# Cams 1V 6P...Are you using it?



## Deeethree (Mar 1, 2011)

Do you or have you owned a Cams 1V6P Automatic Rhinestone Setting Machine? I'm looking for feedback from real users other than people that work for Col-Desi. They have a vested interest ;-). 

My questions:

1. How long have you owned and operated the machine?
2. How much maintenance is involved? Is it self maintenance or do you have to pay someone to come out?
3. Is it user friendly? (I've never used a machine like this in my life) 
4. What do you have the most trouble with that is machine related? 
5. What year machine are you using?
6. Which software do you use? Do you like it? (I'm not a graphic artist, I'm not great with computers, but I can certainly use them) 

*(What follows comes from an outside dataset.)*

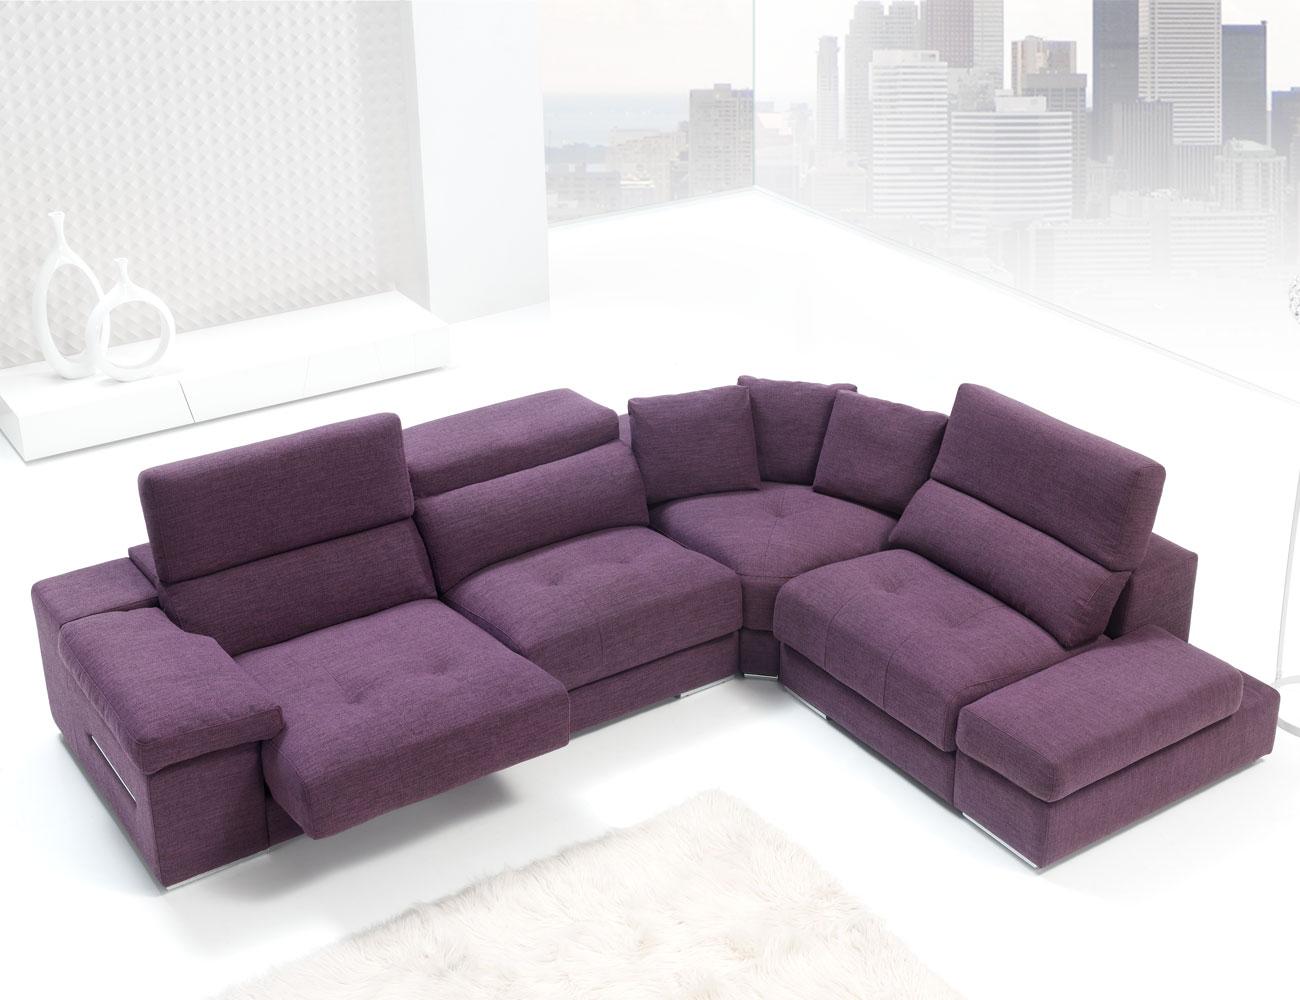 Sofa chaiselongue rincon con brazo mecanico tejido anti manchas 26

Thank you for the support, trying to make an informed decision before I make the purchase! Feel free to email me as well. [email protected].


----------



## api (Nov 22, 2009)

Hello, 

Here are some answers...

My questions:

1. How long have you owned and operated the machine? Over 2 years.

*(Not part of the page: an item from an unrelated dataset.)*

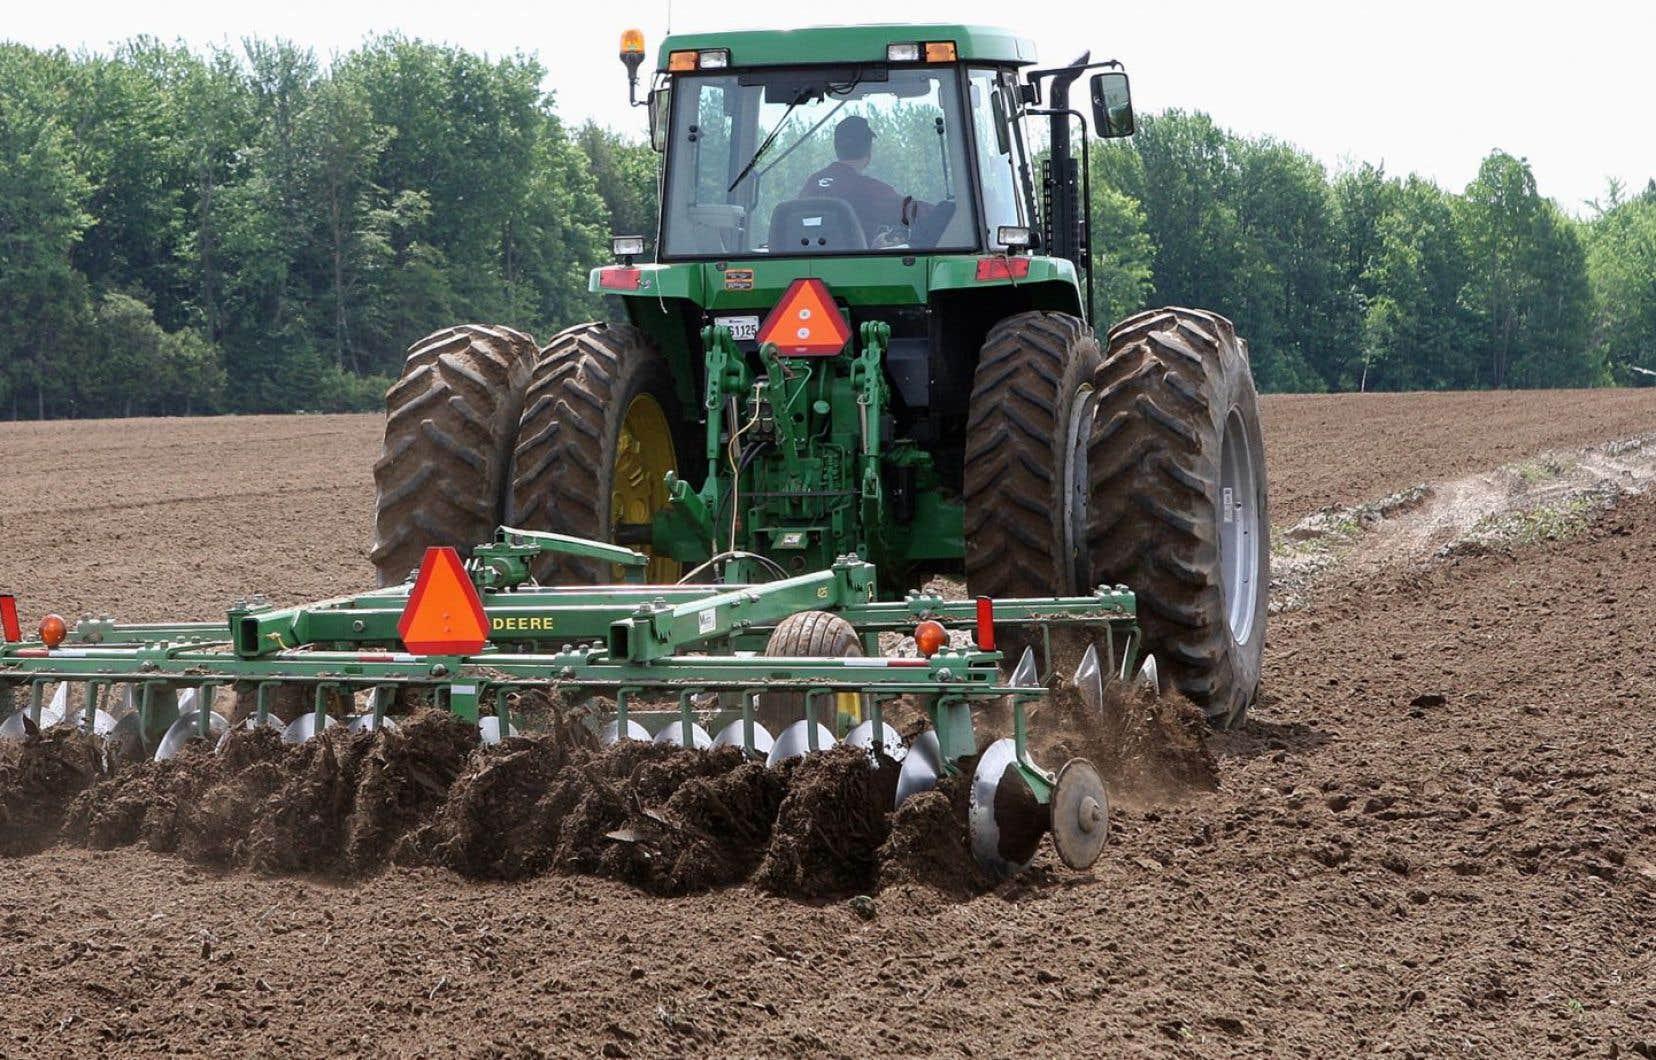 Les dates de semis ont été prorogées pour plusieurs cultures dans la plupart des régions et la pluie a retardé les récoltes de foin.

2. How much maintenance is involved? VERY minimal, just a little cleaning, using some silicone fat.

Is it self maintenance or do you have to pay someone to come out? Definitely self maintenance. Nobody had to come out to this machine yet.

3. Is it user friendly? (I've never used a machine like this in my life) If you can REALLY understand how this machine works, than it is VERY user friendly.

4. What do you have the most trouble with that is machine related? The high volume of clean, dry air required. Don't save money on this field!

5. What year machine are you using? 2009 (?) The "new" version.

6. Which software do you use? GemMaster, Wilcom ES 2, Corel. 

Do you like it? GemMaster is easy but "unfinished" product. Still usable. I didn't find ANY rhinestone programs that I would REALLY like. In my opinion none of them are professional (and affordable) enough. But I am still looking... 

(I'm not a graphic artist, I'm not great with computers, but I can certainly use them) You will be able to use GemMaster. 

Good luck!


----------



## Deeethree (Mar 1, 2011)

Awesome! Great Info. Thanks a million! I'm considering a used 2007 model. I'd love to hear from others as well!


----------



## api (Nov 22, 2009)

You are welcome. 

Make sure that you buy the "new" CAMS machine!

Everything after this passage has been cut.